OS-6923: bhyve could be more precise with vPIT

Details

Issue Type:Improvement
Priority:4 - Normal
Status:Resolved
Created at:2018-05-02T20:59:08.298Z
Updated at:2018-06-19T14:55:20.193Z

People

Created by:Former user
Reported by:Former user
Assigned to:Former user

Resolution

Fixed: A fix for this issue is checked into the tree and tested.
(Resolution Date: 2018-06-19T14:55:10.575Z)

Fix Versions

2018-06-21 Underwater Reactor (Release Date: 2018-06-21)

Labels

bhyve

Description

As part of an investigation into guest troubles with NTP synchronization while running under bhyve, I found that the means by which the PIT is emulated leaves some room for improvement.
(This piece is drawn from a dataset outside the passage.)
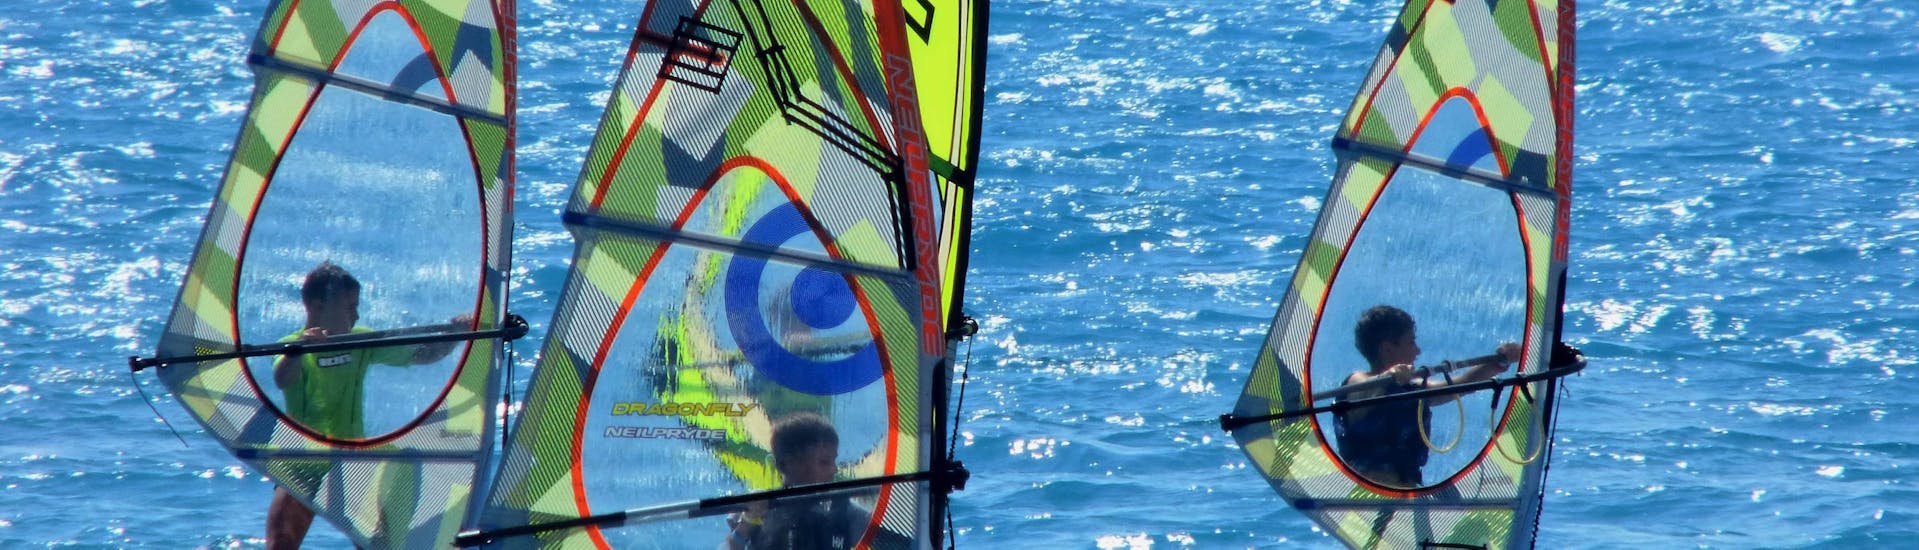 Lezioni di windsurf per bambini e adulti - principianti con Windsurfers' World Rhodes

During testing, I was booting a Linux guest with apic=debug in the kernel params to provide detailed information about timing parameters of the guest:

[    0.102614] Using local APIC timer interrupts.
               calibrating APIC timer ...
[    0.108000] ... lapic delta = 838768
[    0.108000] ... PM-Timer delta = 358171
[    0.108000] ... PM-Timer result ok
[    0.108000] ..... delta 838768
[    0.108000] ..... mult: 36024811
[    0.108000] ..... calibration result: 536811
[    0.108000] ..... CPU clock speed is 2799.2422 MHz.
[    0.108000] ..... host bus clock speed is 134.0811 MHz.
[    0.108046] smpboot: CPU0: Intel(R) Xeon(R) CPU E5-2680 v2 @ 2.80GHz (family: 0x6, model: 0x3e, stepping: 0x4)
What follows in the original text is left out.